Figure 8: Example of an ARC task. The first column represents the input, and the second column represents the output, and the first two rows are independent training examples. The last row is the test example for this task, where only the input image is given. In this task, the objective is to color all the cyan objects with the same pattern as the non-cyan object, and then remove the original non-cyan object. This procedure explains obtaining the output from the input. All the training examples share a common relational graph structure, between the inputs and between the outputs. In the inputs, all the objects hold the relation “same-shape“, and three of the objects hold the relation “same-color“. In the outputs, all the three objects hold the relation “same-shape“ and “same-color“. The ability to learn and identify relations in unsupervised manner is essential, as this task requires both understanding of “same-shape“ and “same-color“ relations.

Figure 9: Another example of an ARC task.
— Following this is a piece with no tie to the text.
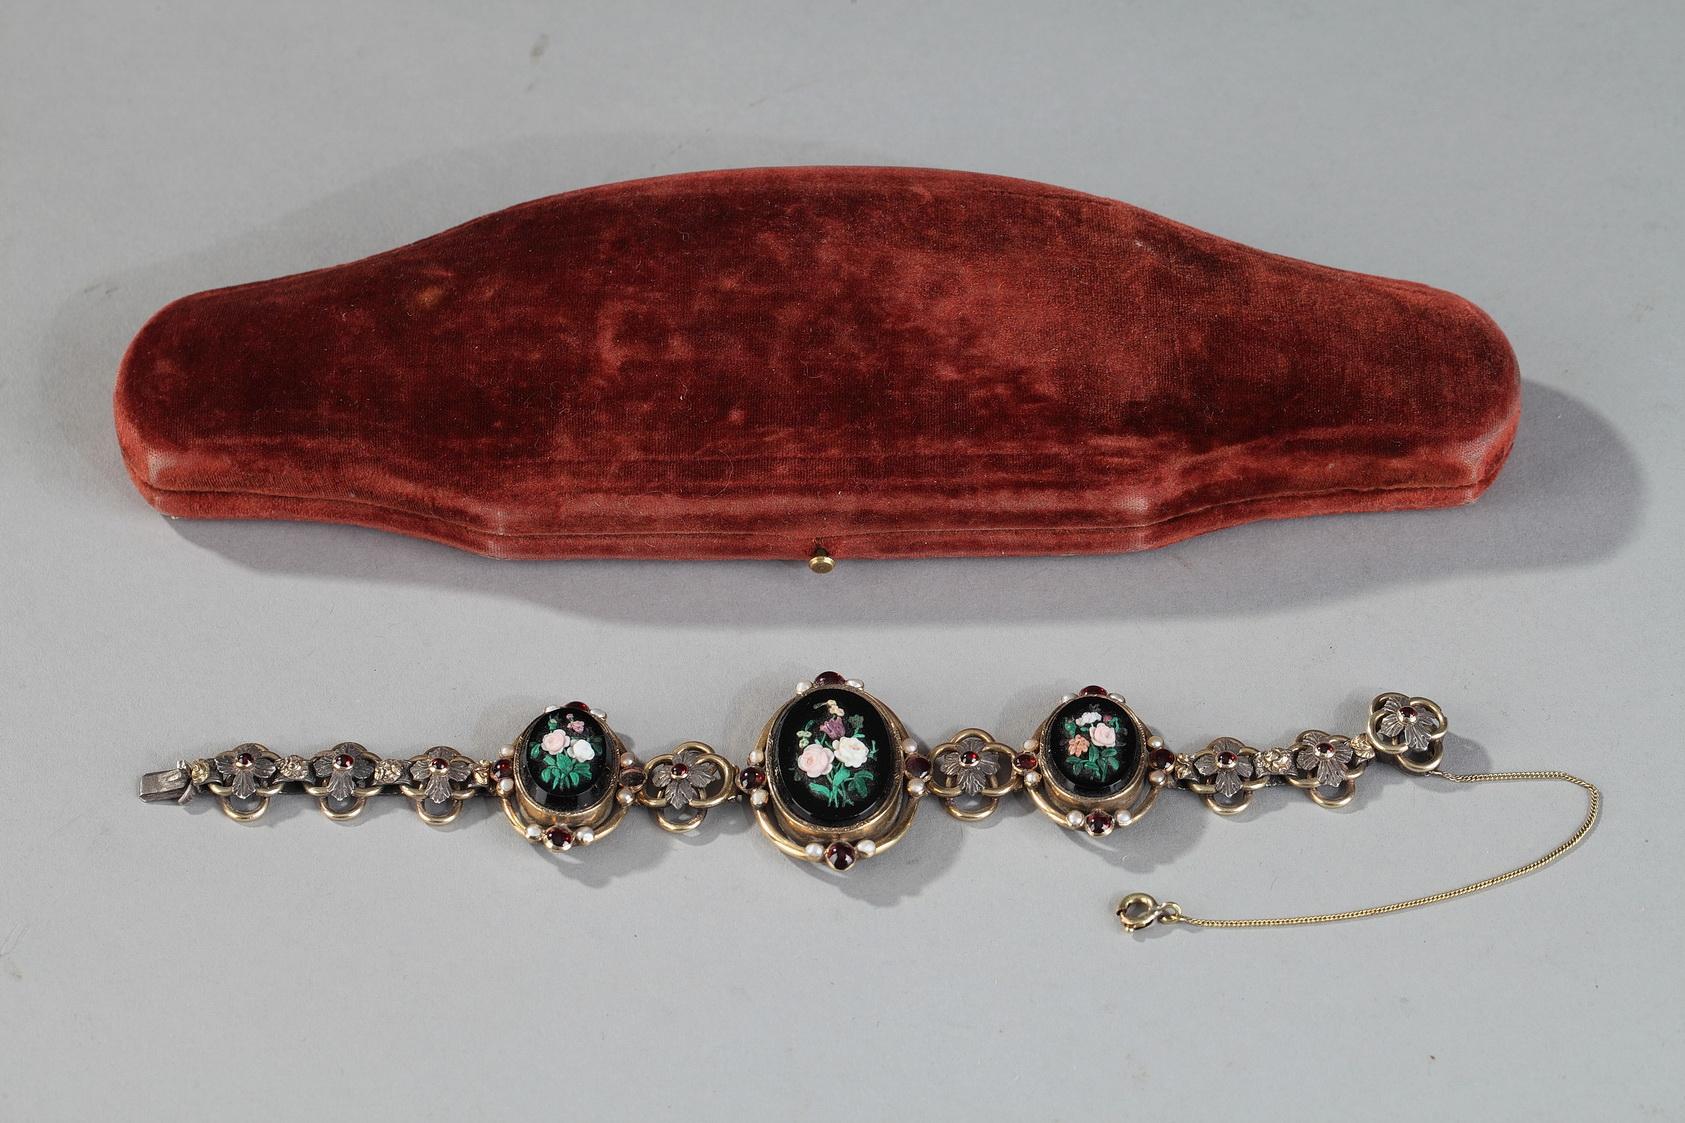 Bracelet en vermeil composé de trois médaillons décorés de micromosaïques sur fond d'onyx noir. Les micromosaïques représentent des bouquets de fleurs multicolores, et la monture est ornée de grenats et de perles. Les médaillons sont entrecoupés

See caption in Fig. 8 for general task description. In this task, the objective is to count the unique distinct objects by shape and color, and present the object with the largest count. In the inputs, the relational graph is the following: various groups of objects share the relation of “same-color“ and “same-shape“ with each other.

Figure 10: Another example of an ARC task. See caption in Fig. 8 for general task description. In this task, the objective is identify the object with blue and green colors, and copy the object to the other shapes by aligning the red and yellow pixels. In the inputs, the relational graph is the following: all but one of the objects hold the relation “same-shape“ and “same-color“. In the outputs, all of the objects hold the relation “same-shape“ and “same-color“.